Film Review: In Their Skin (2012)

SYNOPSIS:

The Hughes cottage vacation is violently interrupted by a family on a murderous and identity stealing journey, in search of the “perfect” life.

After the accidental death of their daughter, Mark and Mary (Joshua lose and Selma Blair, respectively) load up their car with their dog, surviving son (Quinn Lord), and a ton of cliches. In an effort to fix their crumbling marriage,they do what any grieving family would do and head out for a tense getaway at a family owned house located in the middle of the woods, in the middle of winter, in the middle of nowhere. Once there, they engage in such fun filled activities as crying while having sex, staring at nothing, and having conversations that feature lines like “do you miss us?”….

One early morning they are awakened by an unsolicited firewood drop off by their jittery, odd neighbours, (also a married couple with a young son) who seem real eager to have dinner with them.
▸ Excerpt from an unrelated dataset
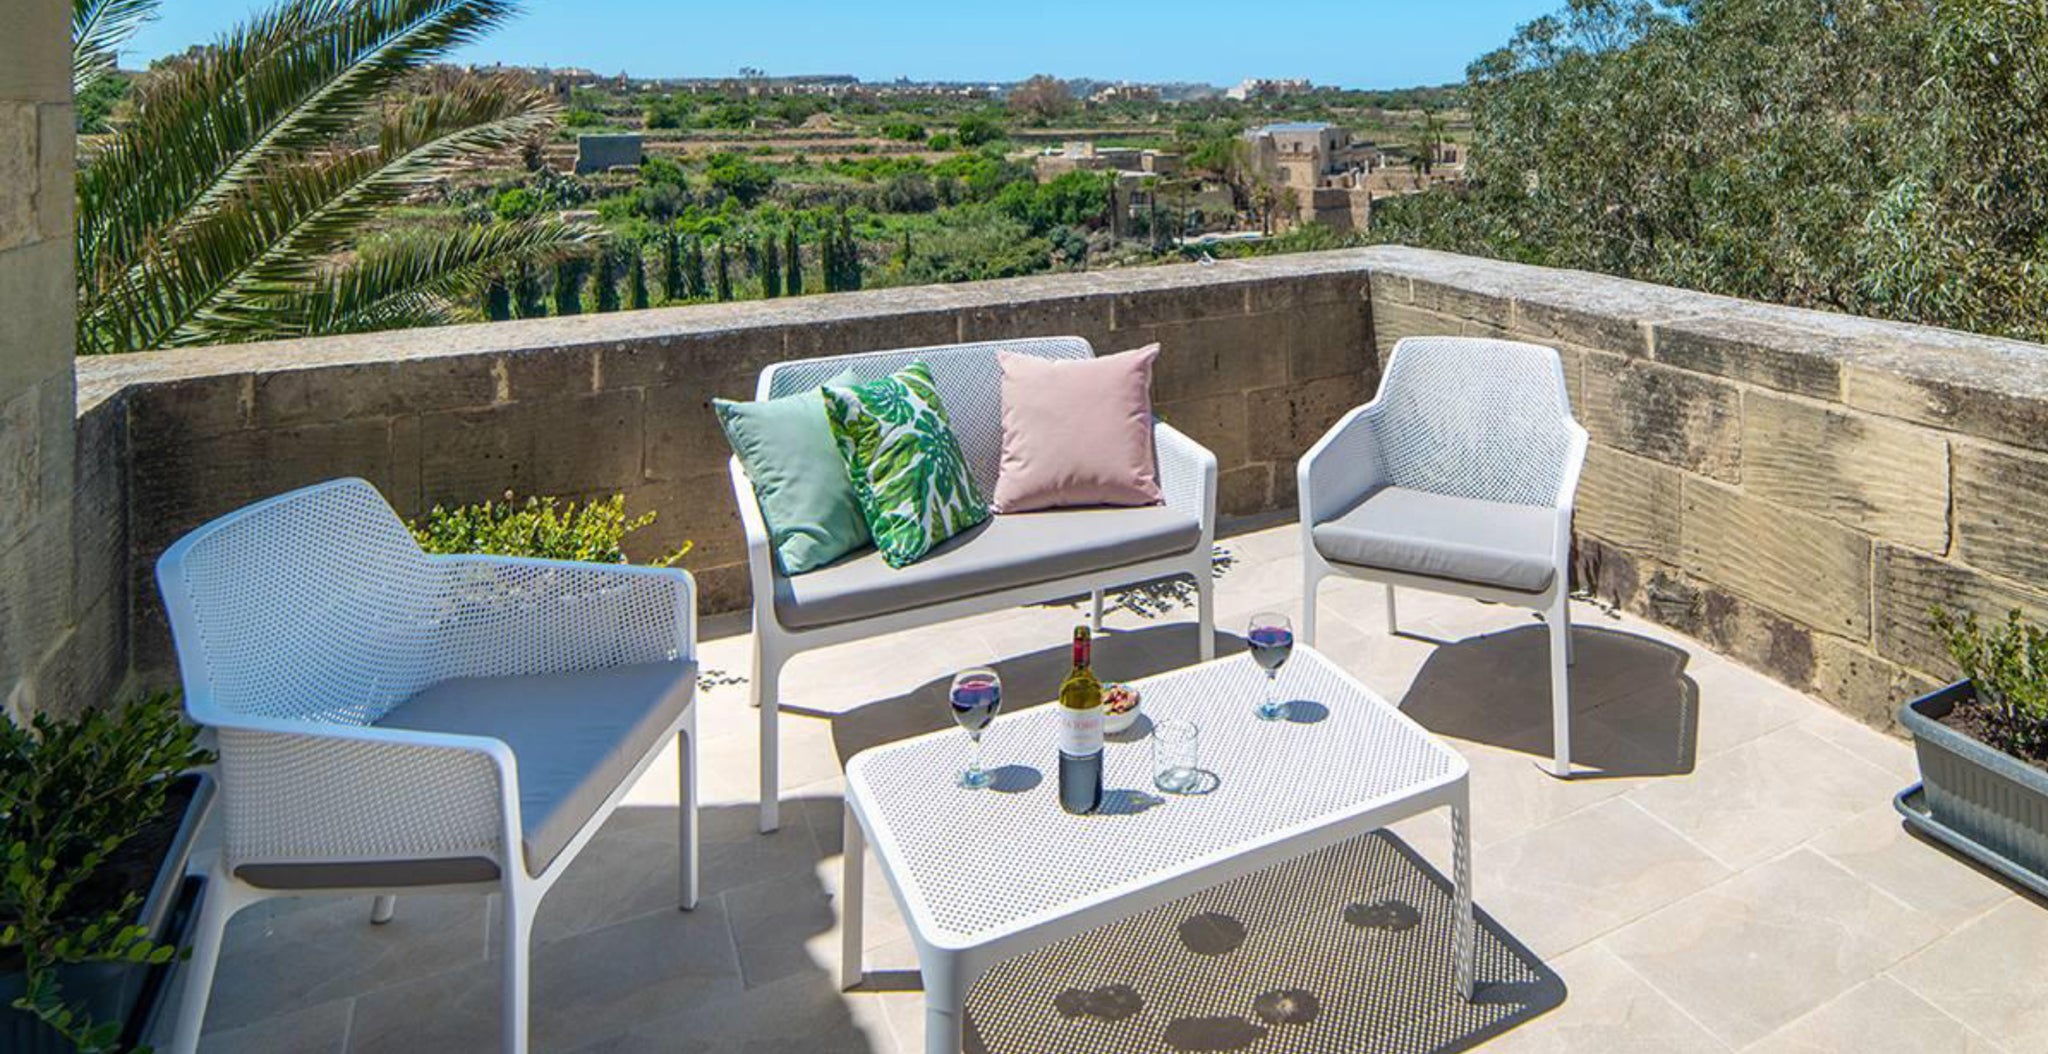 Table en filet, avec chaises en filet et banc en filet blanc sur terrasse avec vue sur un village méditerranéen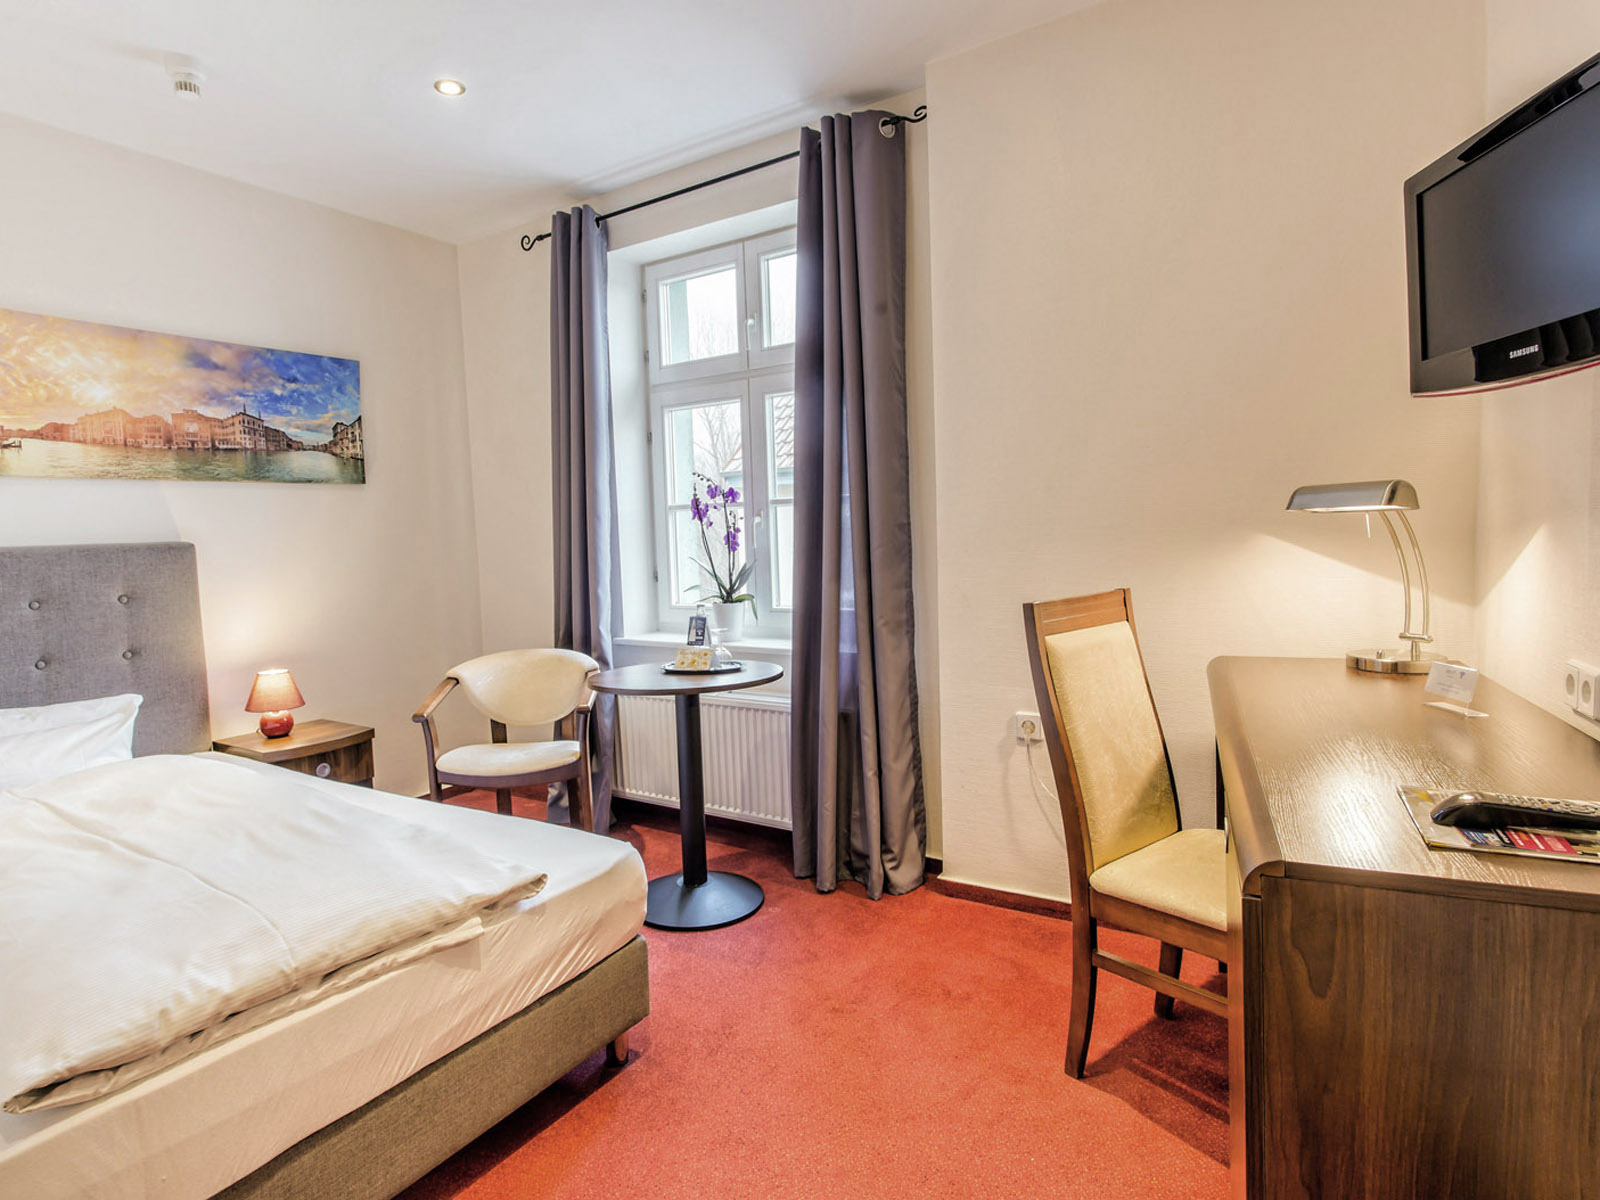 Komfort-Einzelzimmer im Hotel Zur Alten Oder in 15230 Frankfurt/Oder

Mark and Mary decide to mix it up at the old old homestead, and have them over for quite possibly the most awkward meal time sharing ever captured on film. Things get even more awkward when the guests’ son attacks Mark and Mary’s kid. This leads to an unceremonious toss out, which , as night falls, leads to the realization that the obviously unhinged neighbours are hiding out in the woods , hell bent on turning the family vacation house into a panic room.

In their Skin” is, essentially, a paint by numbers “traumatized family gets home invaded” type horror film, albeit with a semi-baffling, mostly boring Stockholm syndrome/identity thievery aspect . It pulls out all the predictable stops, such as the age old ‘family member/friend gets called when it becomes apparent that the home is being invaded, and they show up at what is supposed to be an especially suspenseful moment” bit.

it’s hard to find a way in emotionally while watching the film, and and that probably has a lot to do with the fact that all of the character are utterly charmless and impossible to relate to. The male antagonist (played by James D’Arcy), despite wielding a shotgun aimed at the terrified family, doesn’t actually come across as scary. He seems to be struggling with finding the balance between eccentric and creepy, but ends up just being a gray , uninteresting villain whose motives for attacking the family and appropriating their identity are murky at best. As his wife, the normally good Rachel Miner plays a wide eyed, dopey second fiddle who wanders through the film being irritating and never locating her express purpose for being on screen at all.

The death of his child seems to have given Mark a tragic affliction that renders him the unable to unfurrow his brow. I’m not entirely sure if his performance was any good, since I was too distracted by his permanently crumpled forehead to notice anything else he was doing.

The most unfortunate casualty is the usage of Selma Blair. At 40, the quirky, mainly character actress is sadly now being given the uninteresting “mom” roles, and the role of Mary is no different. However, in typical form, she makes the most of her screen time and holds the films flimsy plot up as best as she and with a stellar performance. Her scenes with her on camera son are especially good.

The film suffers from a massive mediocrity infection, but there are moments- small moments, where the film almost seems interesting. The tension filled dinner features scenes of the type of stilted conversations that people in real life actually have. There are also times when the film gets compellingly experimental, like during a brief yet disturbing scene of sexual assault. Inevitably, however, these parts do not lead to anything that makes the film truly interesting.

All in all, it feels like this film is trying to say something, make a point of its tedious storyline and not just ape what has already been before it. But, for whatever reason, like a hostage with a cop in front of them, and a gun pressed against their back by their captor, it never seems to say what it really wants to.